Major depressive disorder (MDD) is more prevalent in HIV type 1 than in noninfected individuals1,2 and, in particular, in women.3 Prevalent rates for depressive disorders can vary depending on the use of illicit substances.4 Moreover, a positive correlation between depression and HIV disease progression has been demonstrated.5 Depression can also be associated with the progression of cognitive impairment.6 These considerations underscore the importance of characterizing the molecular mechanisms that underlie HIV-mediated depression.
Clinical studies of mood disorder patients have provided evidence for neuronal atrophy/loss in limbic brain structures. For instance, brain imaging and postmortem studies have demonstrated a reduction in the volume7 and atrophy of neurons in limbic brain regions implicated in MDD.8,9 These data correlate with decreased levels of neurotrophic factors in MDD patients and, in particular, brain-derived neurotrophic factor (BDNF) in both the hippocampus10 and serum.11,12 BDNF is a secreted neurotrophic factor that is critical for numerous aspects of synaptic plasticity in the adult central nervous system, including hippocampal neurogenesis.13 Most importantly, BDNF produces antidepressant responses in animal models of depression.14 Thus, it has been widely accepted that alterations in BDNF expression and/or signaling contribute to depressive symptoms. However, there is much less evidence relating BDNF signaling to depressive symptoms in the presence of HIV.

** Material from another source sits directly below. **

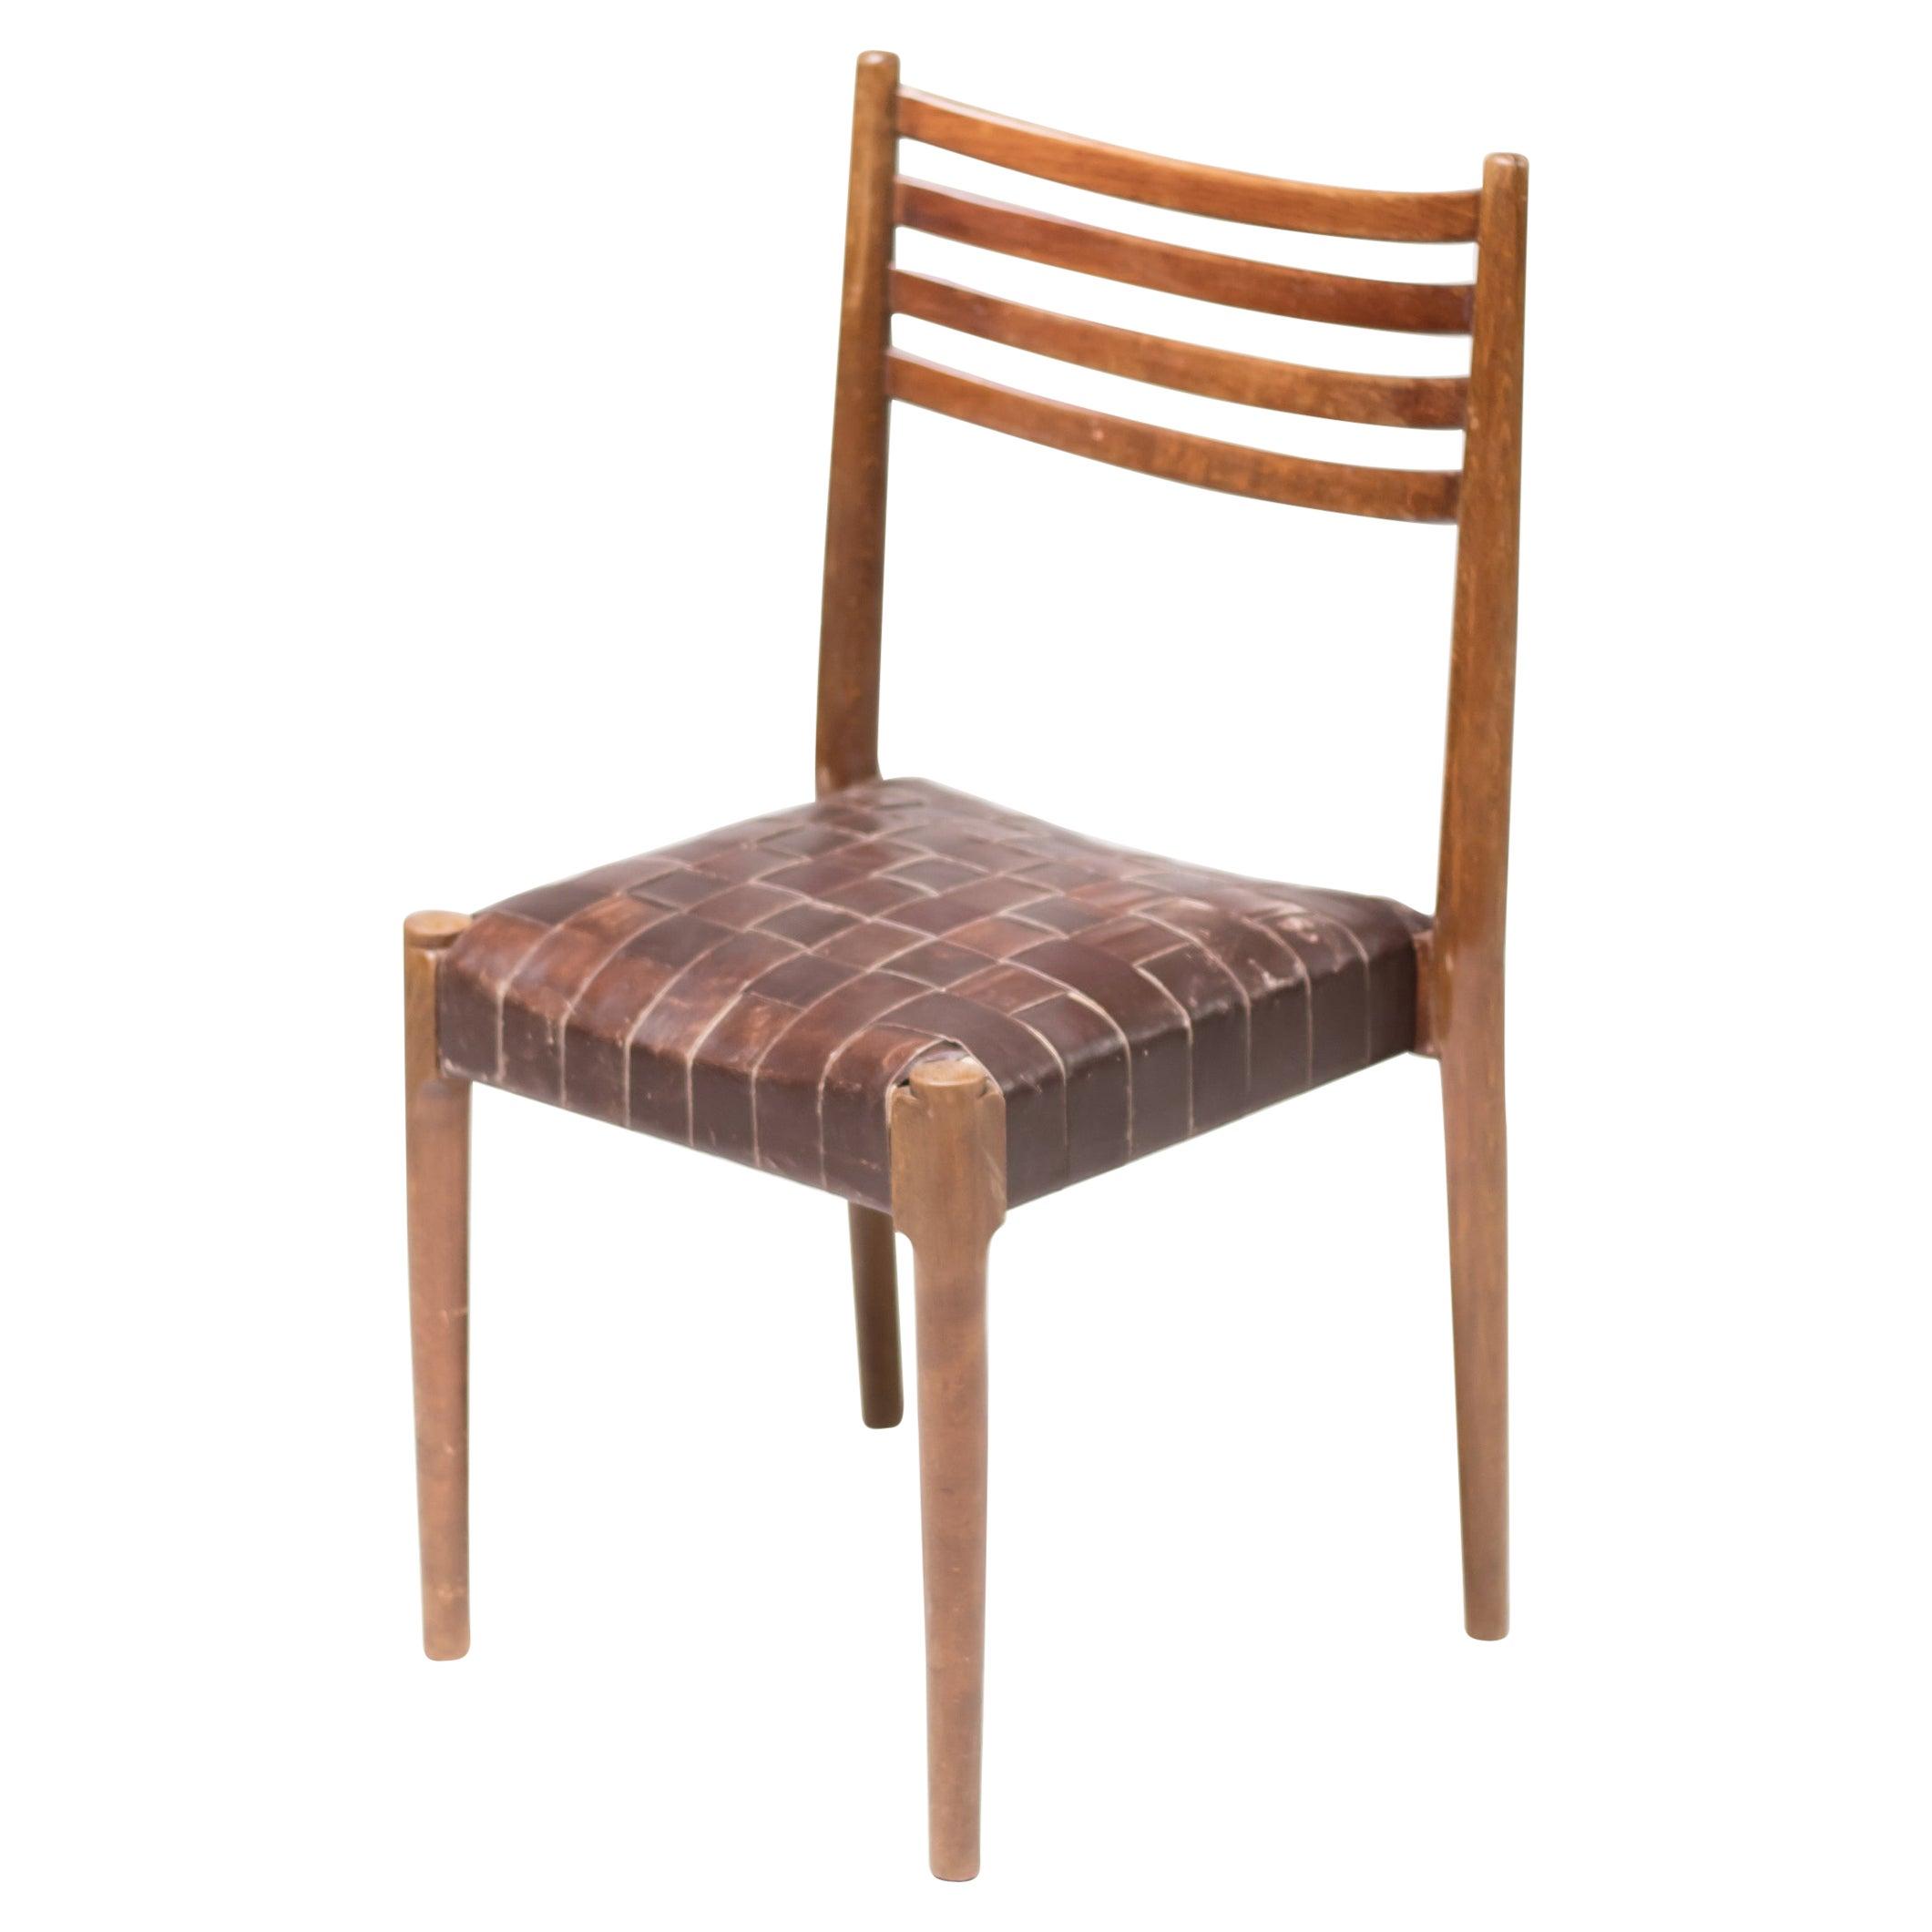 Palle Suenson Dining Chair

HIV promotes a reduction in BDNF levels, but HIV-infected individuals may exhibit depression irrespective of their levels of BDNF.15,16 Conversely, BDNF fosters neuronal plasticity by binding to a receptor complex formed by TrkB, the tyrosine kinase receptor (coded by NTRK2), and a low-affinity receptor, p75NTR.17 Given the physiological role of these receptors in the trophic activity of BDNF, we investigated possible associations of single-nucleotide polymorphisms (SNPs) in these genes with depression susceptibility in HIV-positive subjects. To our knowledge, there are no HIV-control studies exploring the relevance of SNPs in genes encoding for BDNF receptors in depression. Because the incidence of MDD in women is greater than men,18 we examined the frequency of these SNPs in the Women’s Interagency HIV Study (WIHS) cohort and analyzed their distributions as functions of self-reported depression status and race.
MATERIALS AND METHODS
Genomic DNA samples were obtained from WIHS. The cohort is representative of women with HIV in the United States, mirroring the epidemic among women ethnically, sociodemographically, and by risk group categories.19 Women were enrolled at 6 consortium sites nationally: Bronx/Manhattan and Brooklyn in New York City, Los Angeles, San Francisco, Chicago, and Washington, DC. Samples comprised 321 HIV-negative and 1109 HIV-positive African Americans (non-Hispanic), and 50 HIV-negative and 256 HIV-positive Caucasians (non-Hispanic), with a mean age of 50.6 years for Caucasians and 50 years for African Americans. Both cohorts were followed up between years 1994 and 2007. Center for Epidemiologic Study Depression Scale (CES-D) cutoff scores of 16 (see Ref. 20) were used to characterize subjects as “depressed” (CES-D ≥ 16) or not (CES-D < 16). Educational level, employment status, and history of illicit drugs (self-reported) did not interfere with CES-D scores. All WIHS participants signed consent forms at the beginning of the study that explicitly included language related to ancillary studies such as this one. All participants were assigned a unique identifier number for anonymity on all data sheets and laboratory requests. The study was approved by the Georgetown University Institutional Review Board. All key research personnel have certification for protection of human subjects as mandated by the Institutional Review Board.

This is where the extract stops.